Two fingers, they took an enormous knowledge of herbal medicine and surgery, which would make them well in advance of the rest of the Middle East.

Three fingers, there are many traces apparent in the Cabalism and in their numerology, which are also Egyptian. Egyptians believed it took forty days and forty nights to break the bonds of the Earth after death and go to the Halls of Judgement. In this, you know, they were largely correct. But the number forty reverberated through their religion; Moses spent forty nights in the desert, Jesus spent forty nights in the desert; giving Christians a forty day Lent and for forty years the Hebrews wandered in the desert.

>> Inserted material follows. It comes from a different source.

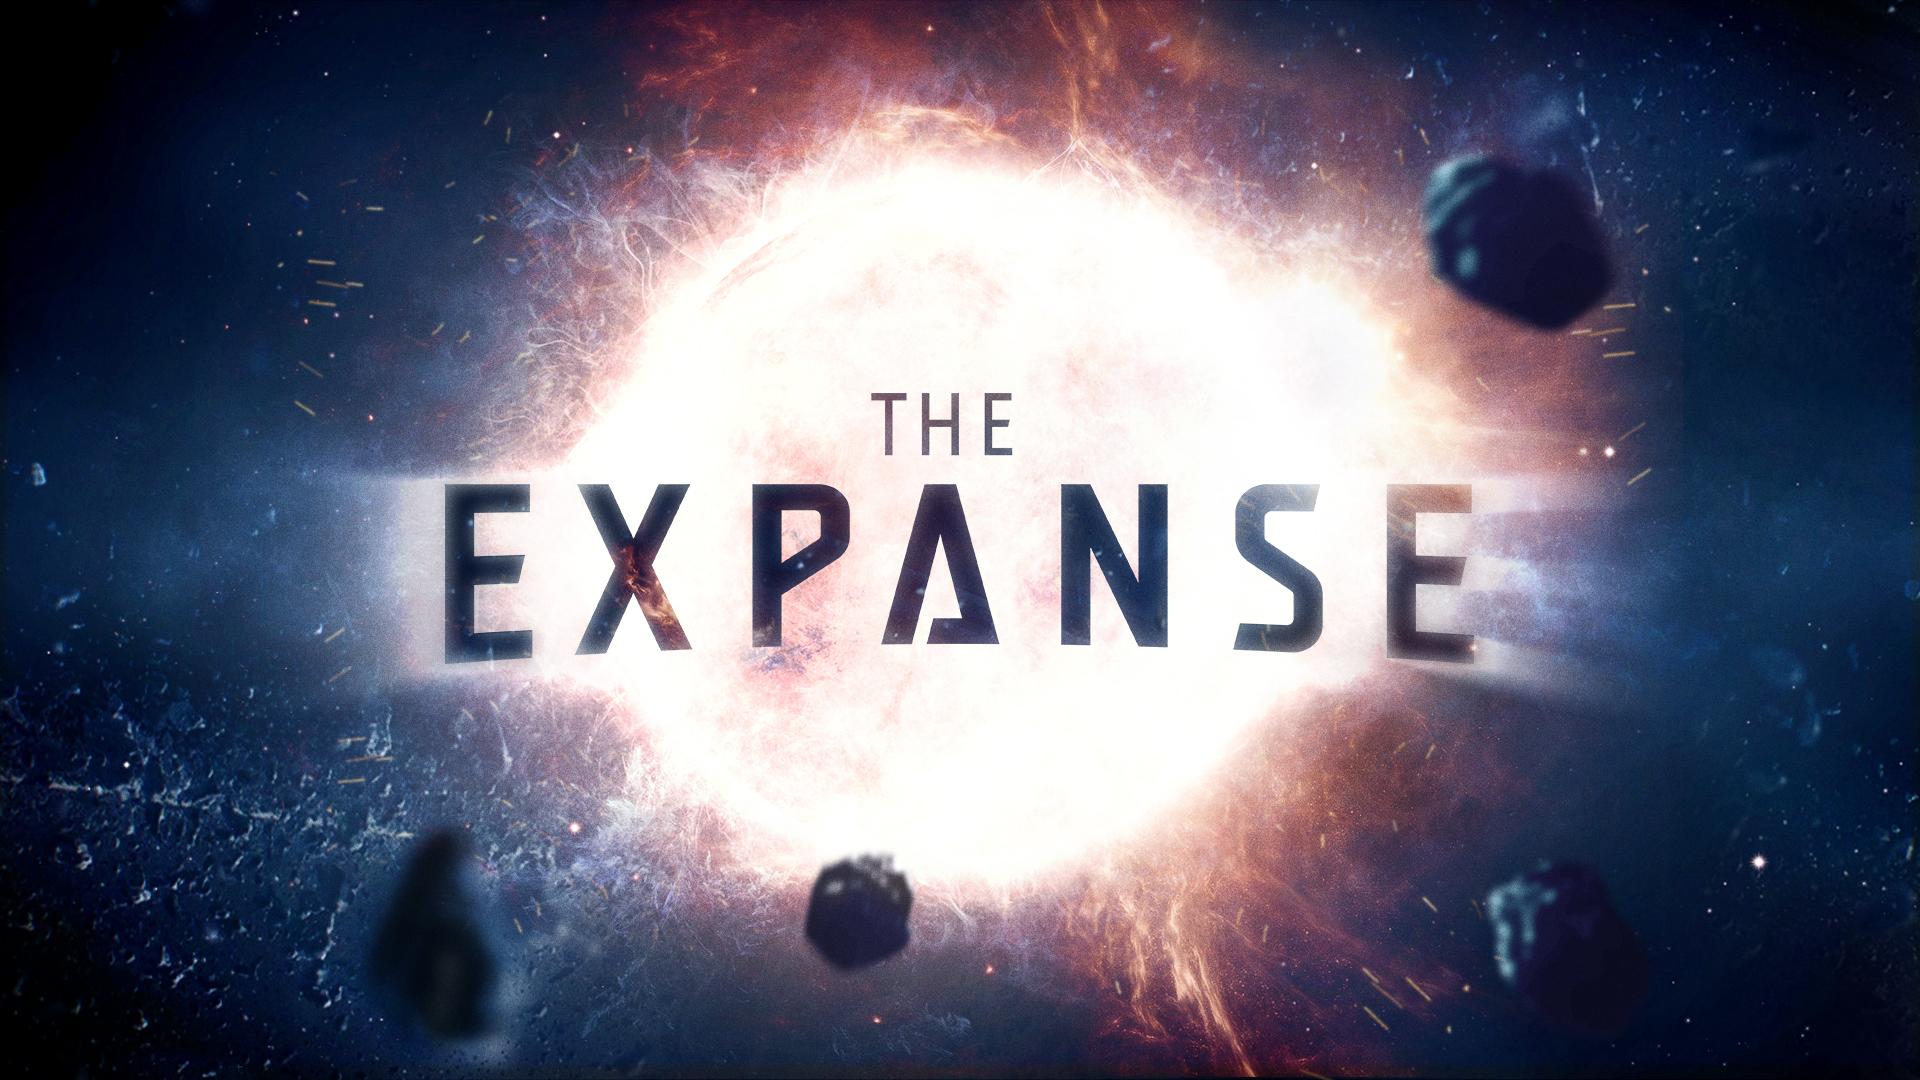 Znalezione obrazy dla zapytania expanse season 2
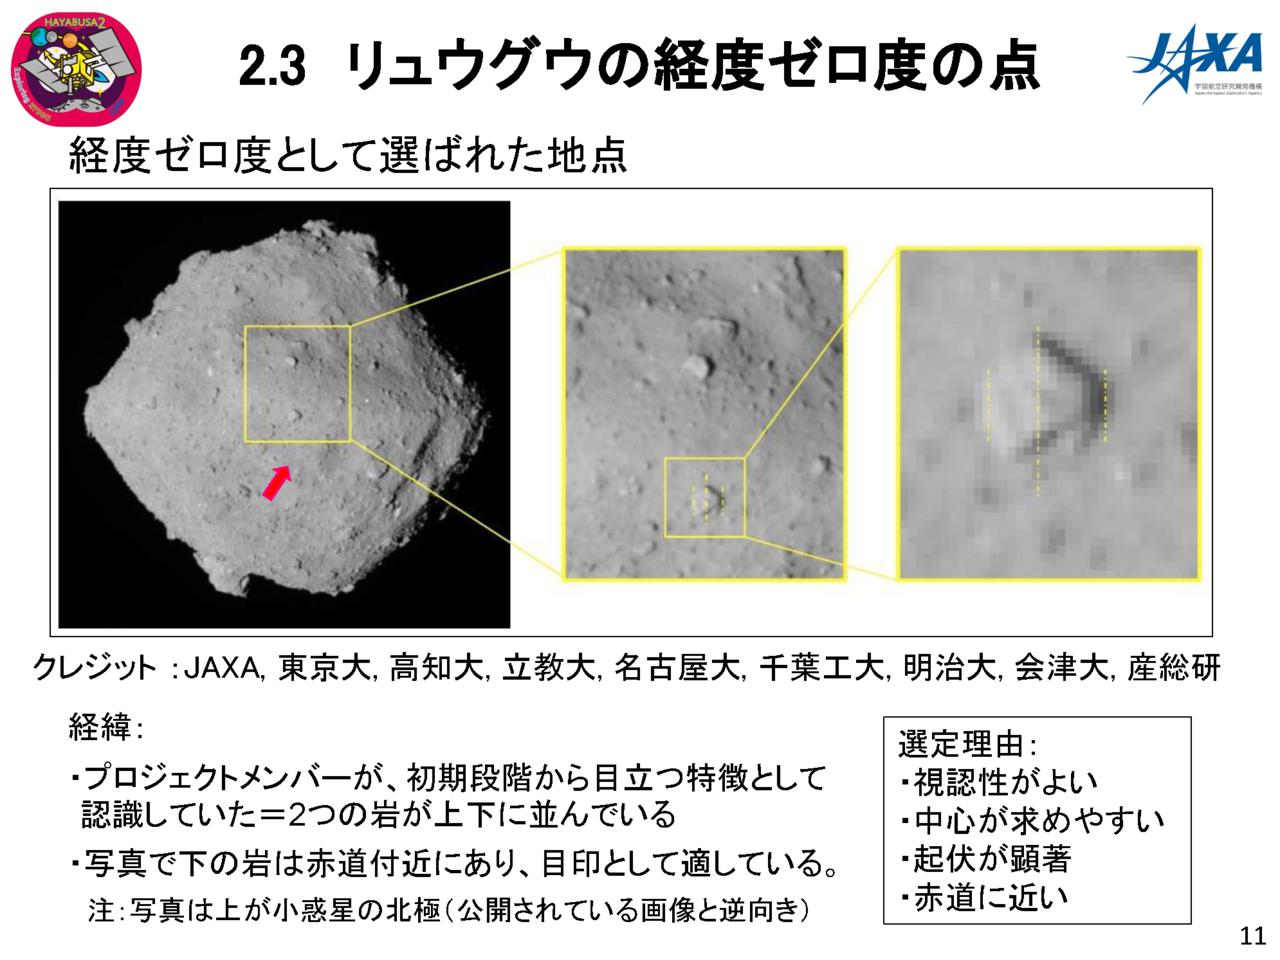 f:id:Imamura:20180719131706p:plain

Four fingers, there is the architectural concept of the Temple with its various courts echoed in Solomon’s Temple which too,was Egyptian inspired as was the concept of a Tabernacle, the portable temple, which the Egyptians took to war. It was carried by Egyptian priests and it contained their holy scrolls.

Five fingers, there is the concept of Satan. This idea originated with Set, the wicked brother of Osiris. It is not in the Bible, it was in their oral tradition not in the doctrinal writings. But they did not take everything. What the Jews did not take was hieroglyphics, a difficult form of writing. Although they did retain the concept of writing and the tradition of recording important laws and they were one of the first to embrace the Phoenician alphabet when it became available.” [Litchfield, 2007]

“What was Aaron’s next life?”

“He needed to balance his idolatry and eliminate his vanity and he would incarnate to do that specifically as Samuel, the last Judge. But first there is the man of iron, Joshua, the clever commando who would lead the Hebrews into Israel.”